Starting with offset 1 = row sums of triangle A153345. - Gary W. Adamson, Dec 24 2008

From Charlie Marion, Jan 07 2009: (Start)

In general, denominators, a(k,n) and numerators, b(k,n), of continued fraction convergents to sqrt((k+1)/k) may be found as follows:

let a(k,0) = 1, a(k,1) = 2k; for n > 0, a(k,2n) = 2*a(k,2n-1) + a(k,2n-2)

and a(k,2n+1) = (2k)*a(k,2n) + a(k,2n-1);

let b(k,0) = 1, b(k,1) = 2k+1; for n > 0, b(k,2n) = 2*b(k,2n-1) + b(k,2n-2)

and b(k,2n+1) = (2k)*b(k,2n) + b(k,2n-1).

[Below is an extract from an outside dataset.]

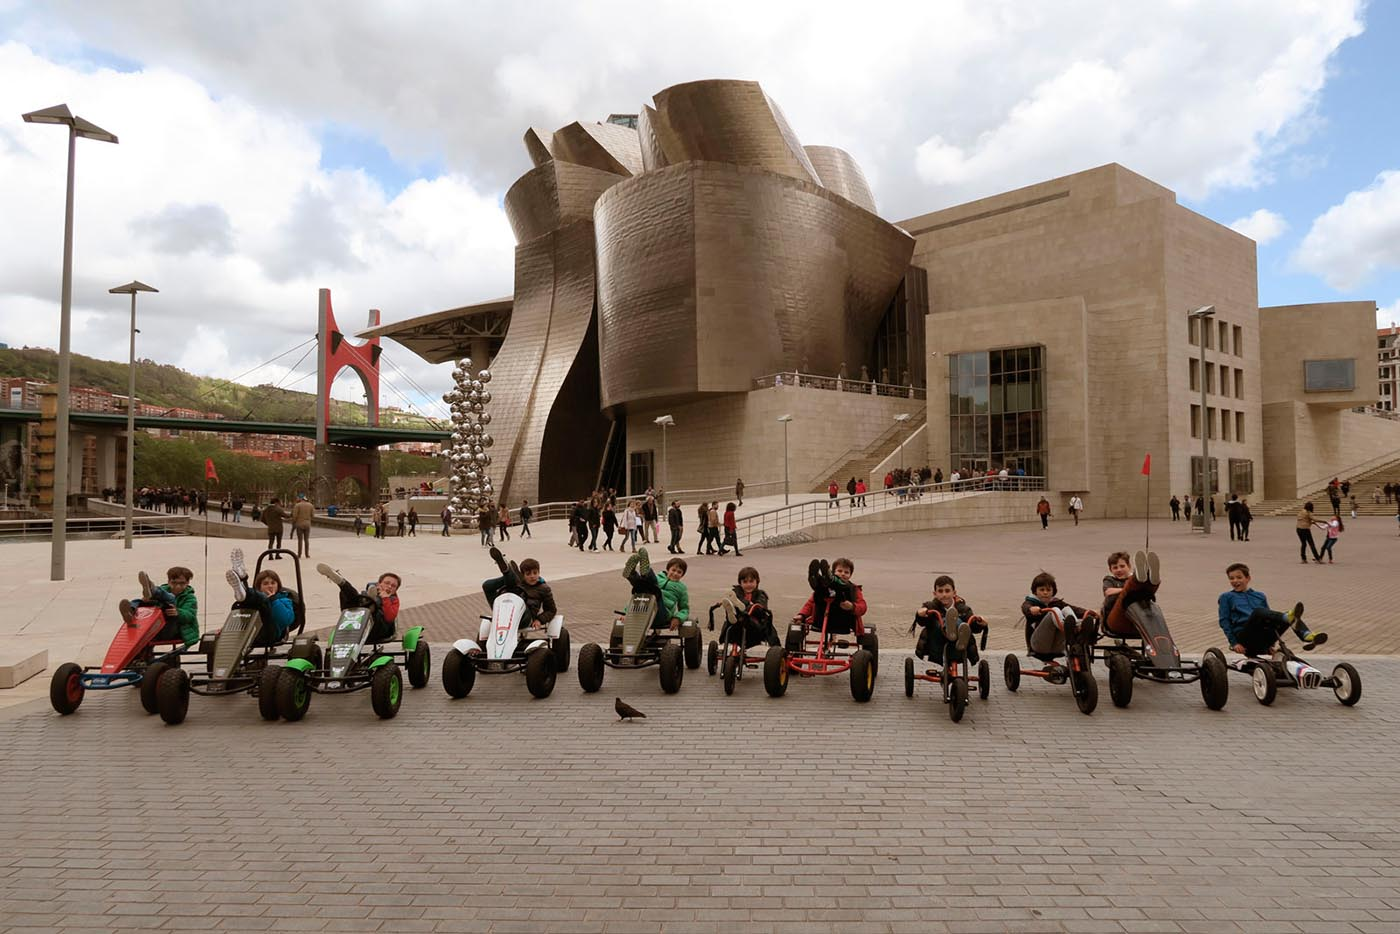 BilbaoXperience
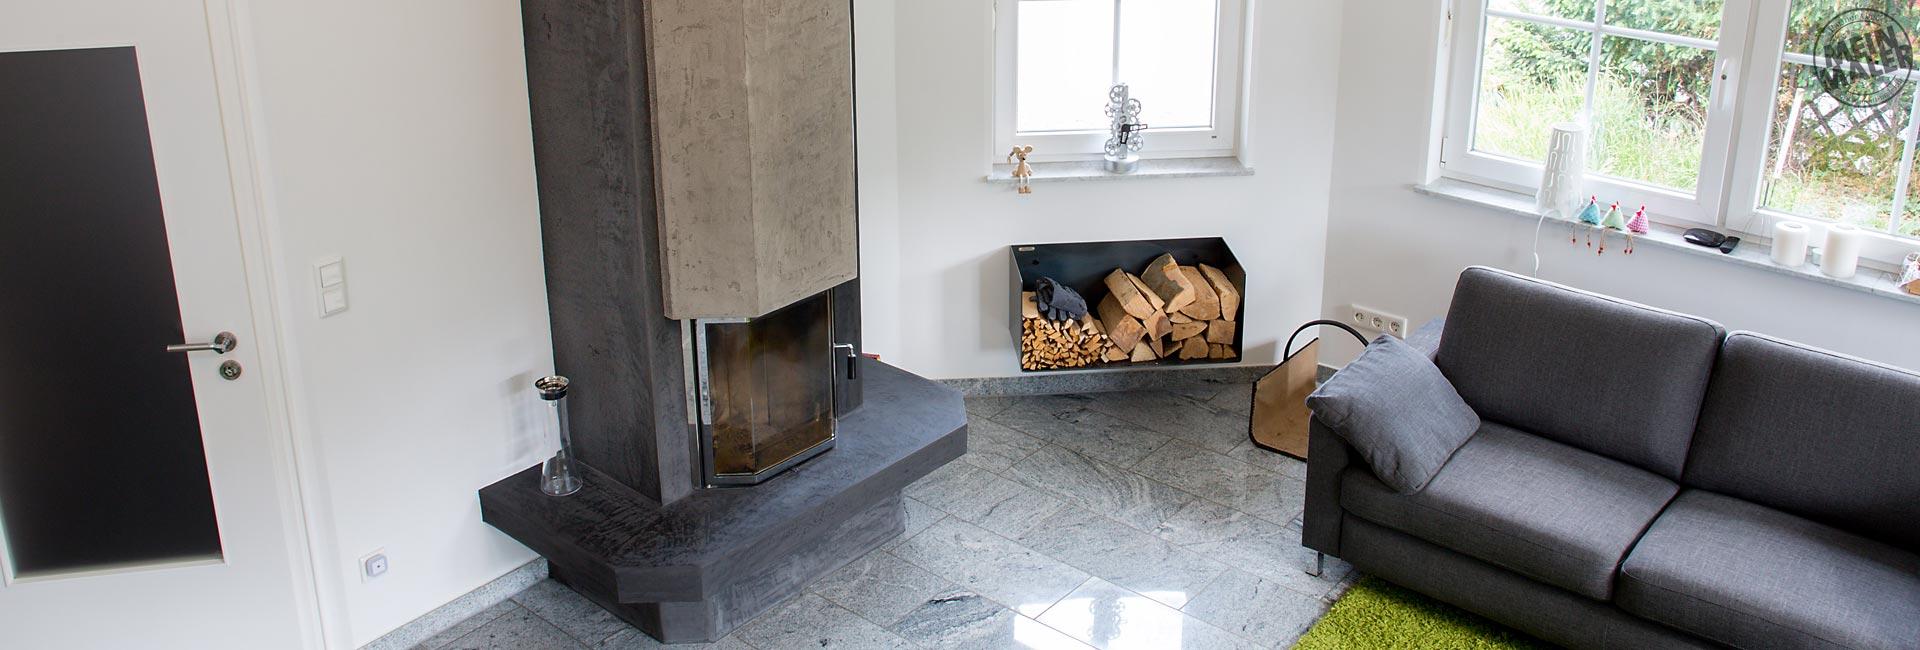 report malerarbeiten treppe wei lackieren kamin in betonoptik fugenloser fu boden in. Black Bedroom Furniture Sets. Home Design Ideas

For example, the convergents to sqrt(2/1) start 1/1, 3/2, 7/5, 17/12, 41/29.

In general, if a(k,n) and b(k,n) are the denominators and numerators, respectively, of continued fraction convergents to sqrt((k+1)/k) as defined above, then

k*a(k,2n)^2 - a(k,2n-1)*a(k,2n+1) = k = k*a(k,2n-2)*a(k,2n) - a(k,2n-1)^2 and

b(k,2n-1)*b(k,2n+1) - k*b(k,2n)^2 = k+1 = b(k,2n-1)^2 - k*b(k,2n-2)*b(k,2n);

for example, if k=1 and n=3, then a(1,n) = a(n+1) and

1*a(1,6)^2 - a(1,5)*a(1,7) = 1*169^2 - 70*408 = 1;

1*a(1,4)*a(1,6) - a(1,5)^2 = 1*29*169 - 70^2 = 1;

b(1,5)*b(1,7) - 1*b(1,6)^2 = 99*577 - 1*239^2 = 2;

b(1,5)^2 - 1*b(1,4)*b(1,6) = 99^2 - 1*41*239 = 2.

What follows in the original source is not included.